Eu entendo, e até fico agradavelmente surprendido por ainda se ensinar a conjugação do "vós" nas escolas brasileiras, mas, vamos lá, não é assim tão difícil, pois não? Na maioria dos casos é só acrescentar um _-s_ à conjugação do "tu".


----------



## Vanda

Para nós é impensável decorar a conjugação de um verbo sem o vós. Oh vós de pouca fé! (brincadeira )


----------



## Tomby

Por vezes penso que uso e abuso do tratamento por "você" por _economia_ linguística: com quatro pessoas (eu, você/ele/ela, nós e vocês/eles) consigo o tratamento de seis.  E com o Imperativo com três, chega!
Falando honestamente, acho que vocês têm razão, deveriam continuar com o ensino das seis pessoas que conformam a conjugação verbal. No meu caso, era obrigatório saber a existência da segunda pessoa do plural, mas também sabia que não devia usá-la. 
Com a mesóclise quase aconteceu a mesma coisa. Também com o tema da conjugação perifrástica (penso que se denomina dessa maneira), estou a referir-me ao verbo "haver de + infinitivo": [hei-de, hás-de, há-de, havemos de, hão-de] + infinitivo. 
Não sei porque não a ensinaram. Eu tento evitar esta construção gramatical sempre que puder. Não obstante seria injusto não dizer que tive bons professores de português.   As minhas carências são por culpa da minha pessoa.
Cumprimentos!


----------



## ana lacerda

Boas
É verdade que não é uma prática portuguesa usar VÓS, mas,eu aprendi na escola. Quando somos crianças até usamos muito a expressão: "Hás-de ver!". Isto é dito como uma promessa  maldosa a alguém que não faz aquilo que nós queremos.


----------



## Outsider

_Haver de_ + infinitivo ainda se usa bastante em Portugal.


----------



## olivinha

Do vós eu só me lembro da época da decoreba para as classes de português e dos domingos, quando a minha mãe me obrigava a ir a missa, ouvir o padre dizendo: 
“Tomai e comei todos vós.”
Apesar de tudo, não posso deixar de “confessar” que acho bonito quando escuto, ou melhor, leio (na maioria das vezes da pluma de Machado de Assis) um verbo conjugado na segunda do singular com a maior naturalidade.
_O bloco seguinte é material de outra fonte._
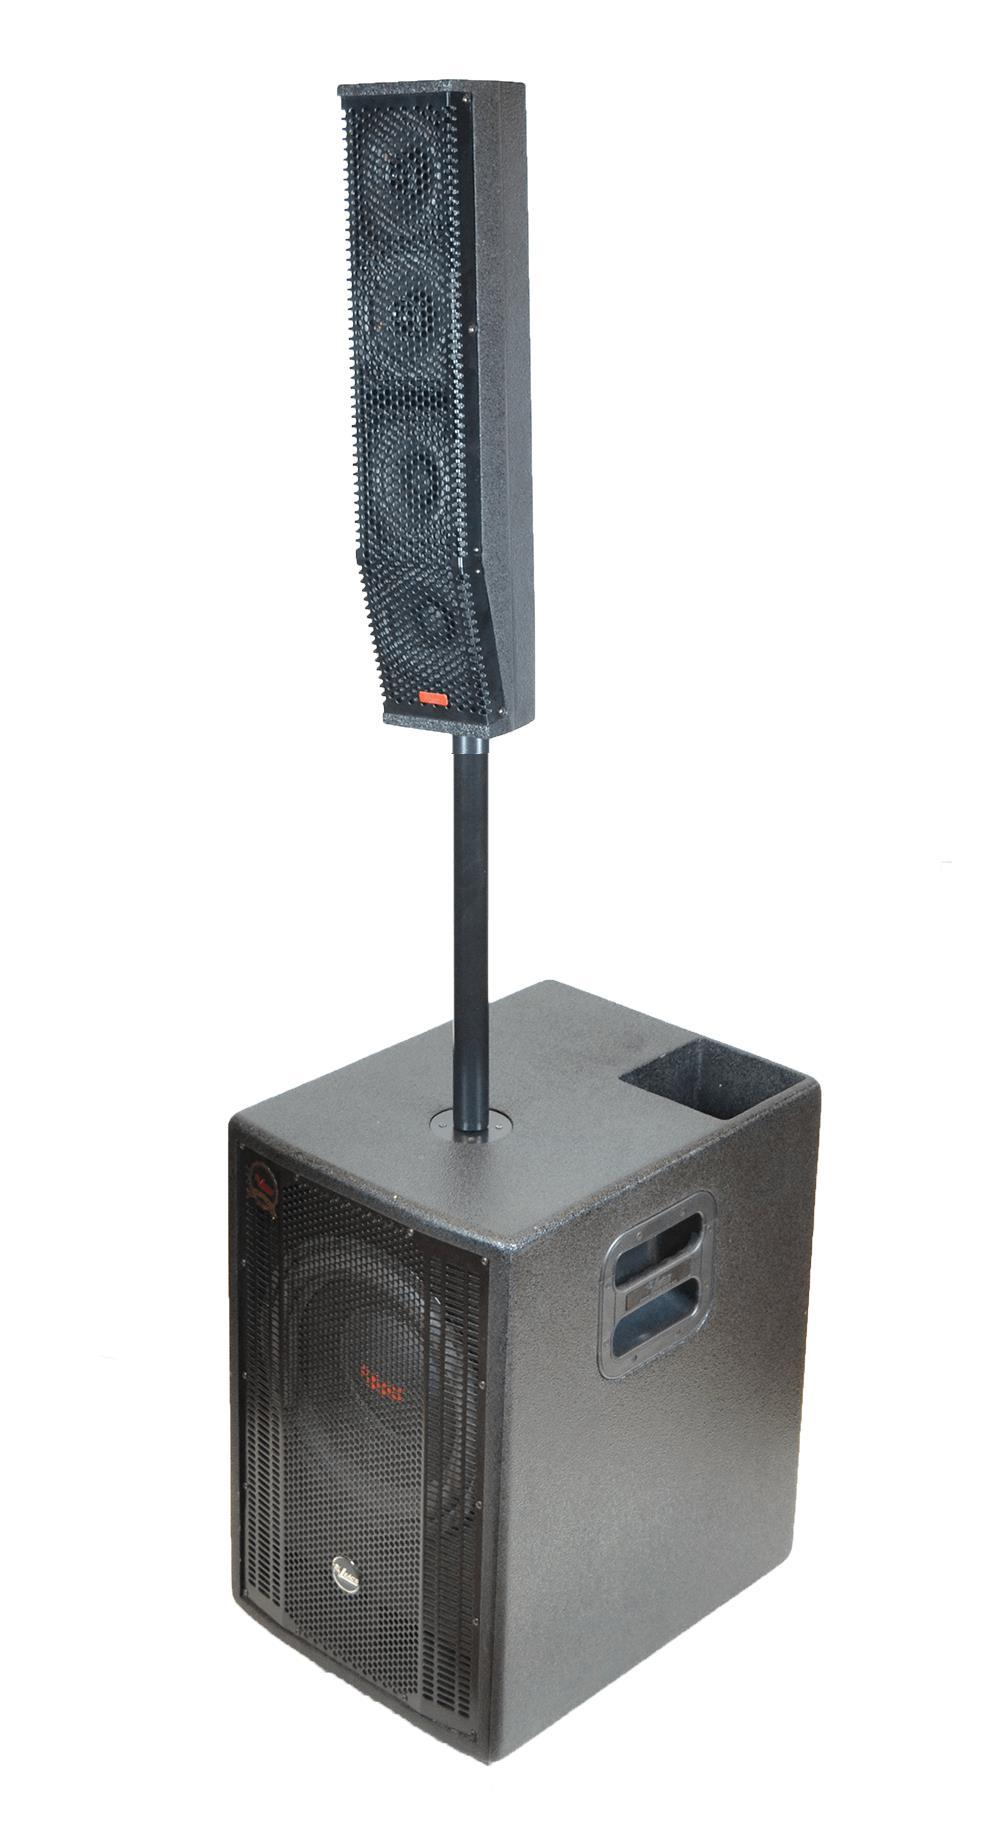 "Sistema PA Ativo Leacs System Pack 1000 (Bi-Ampli 500+500w RMS/SUB 12"")"

E o “vosotros/as” que me disseram que já não se usa? Estudando espanhol quando vivia nos EEUU, me disseram (professores!) que “no hacía falta aprender a conjugar el verbo en la segunda del plural”, que se usa “ustedes” y no “vosotros”… ¿Vosotros, qué vosotros? Agora, vivendo na Espanha, descubro que o vosotros está tão vivo (na Espanha) como qualquer das outras “pessoas”, e cada vez que tenho que utilizar-lo, siempre me sai o “ustedes”.

O


----------



## Lusitania

Na verdade, o vós é mais utilizado no interior norte do país e penso que sobretudo pelas pessoas mais velhas. Há pouco tempo estive no Luso e uma senhora amiga da minha avó ainda dizia "onde ides?". Mas é muito raro ouvir.
Agora em Espanha penso que o Vosotros está bem vivo e aprendo nas minhas aulas de Espanhol.
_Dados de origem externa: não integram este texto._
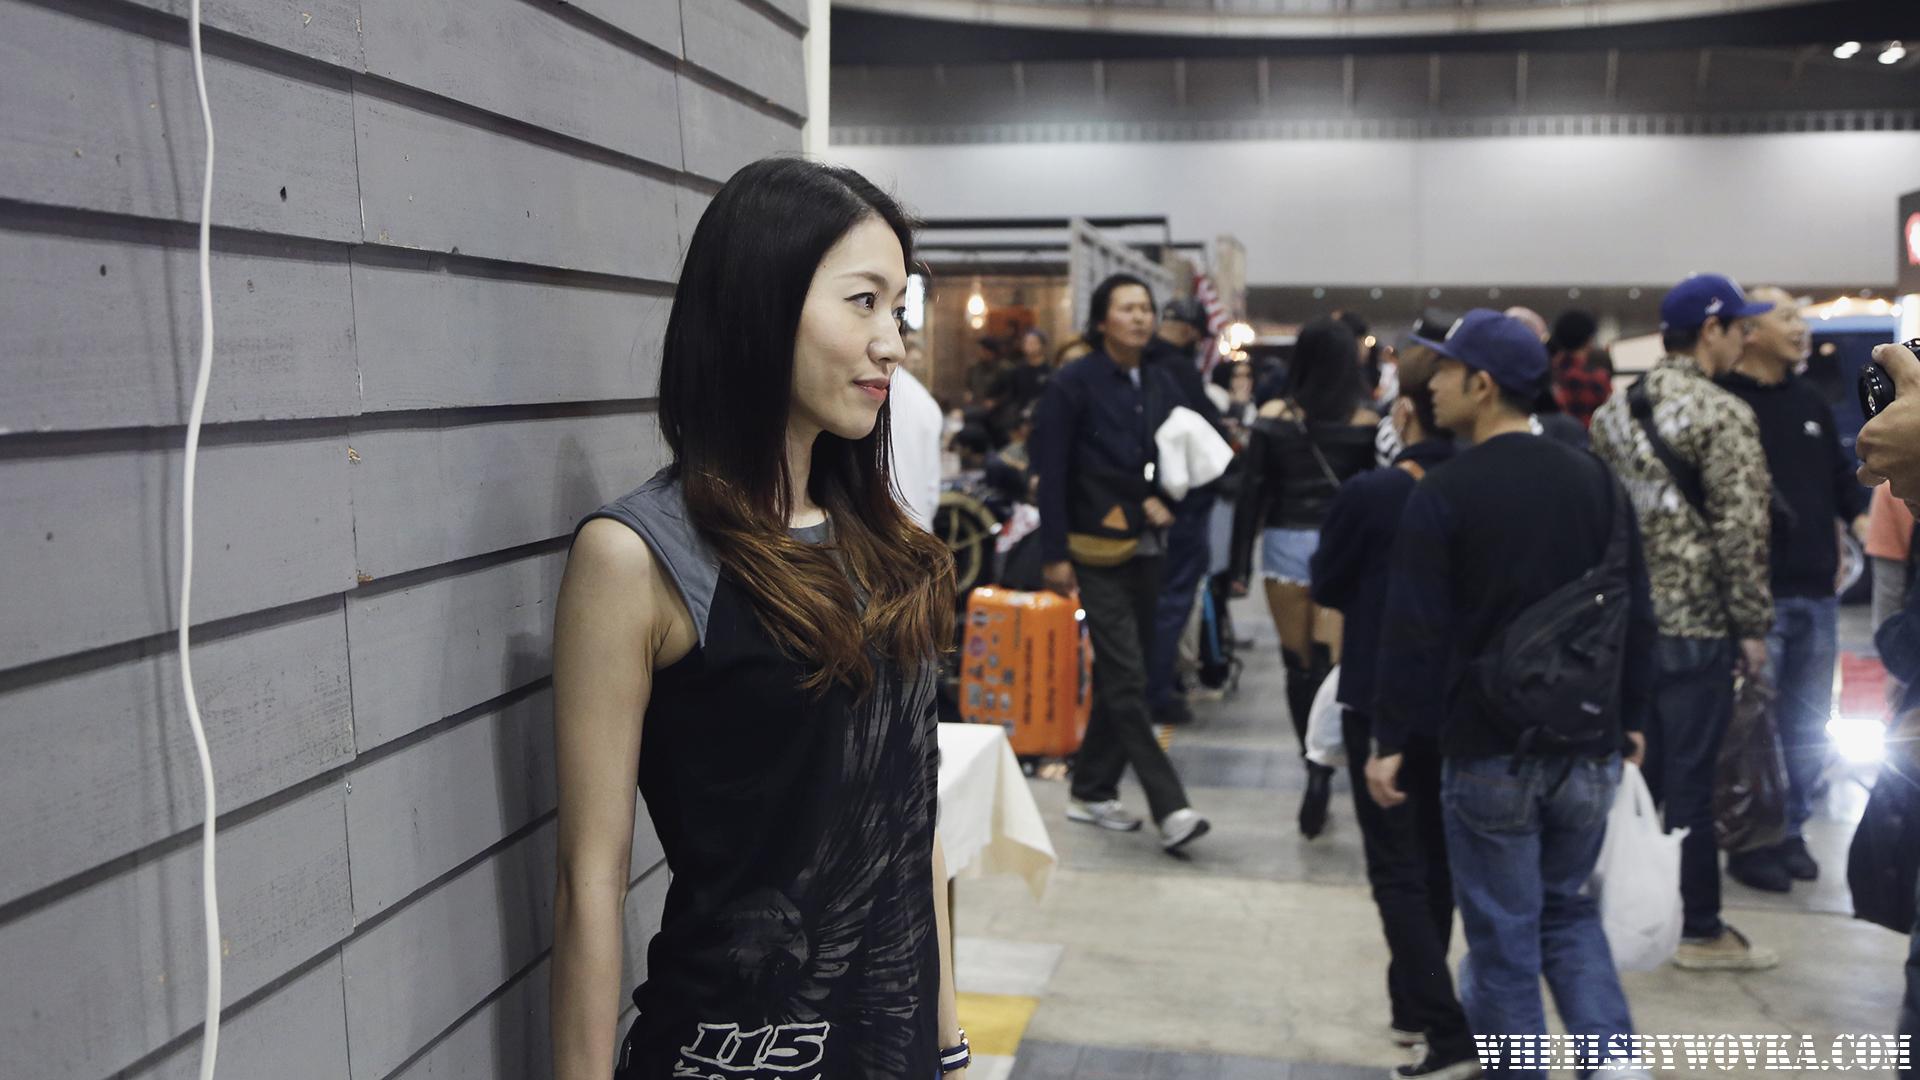 mooneyes-yokohama-hot-rod-custom-show-guests-2017-13

Espero que o português se informalize e comecemos a utilizar mais o tu.


----------



## Cosmic

Lusitania said:


> Na verdade, o vós é mais utilizado no interior norte do país e penso que sobretudo pelas pessoas mais velhas. Há pouco tempo estive no Luso e uma senhora amiga da minha avó ainda dizia "onde ides?". Mas é muito raro ouvir.
> Agora em Espanha penso que o Vosotros está bem vivo e aprendo nas minhas aulas de Espanhol.
> 
> Espero que o português se informalize e comecemos a utilizar mais o tu.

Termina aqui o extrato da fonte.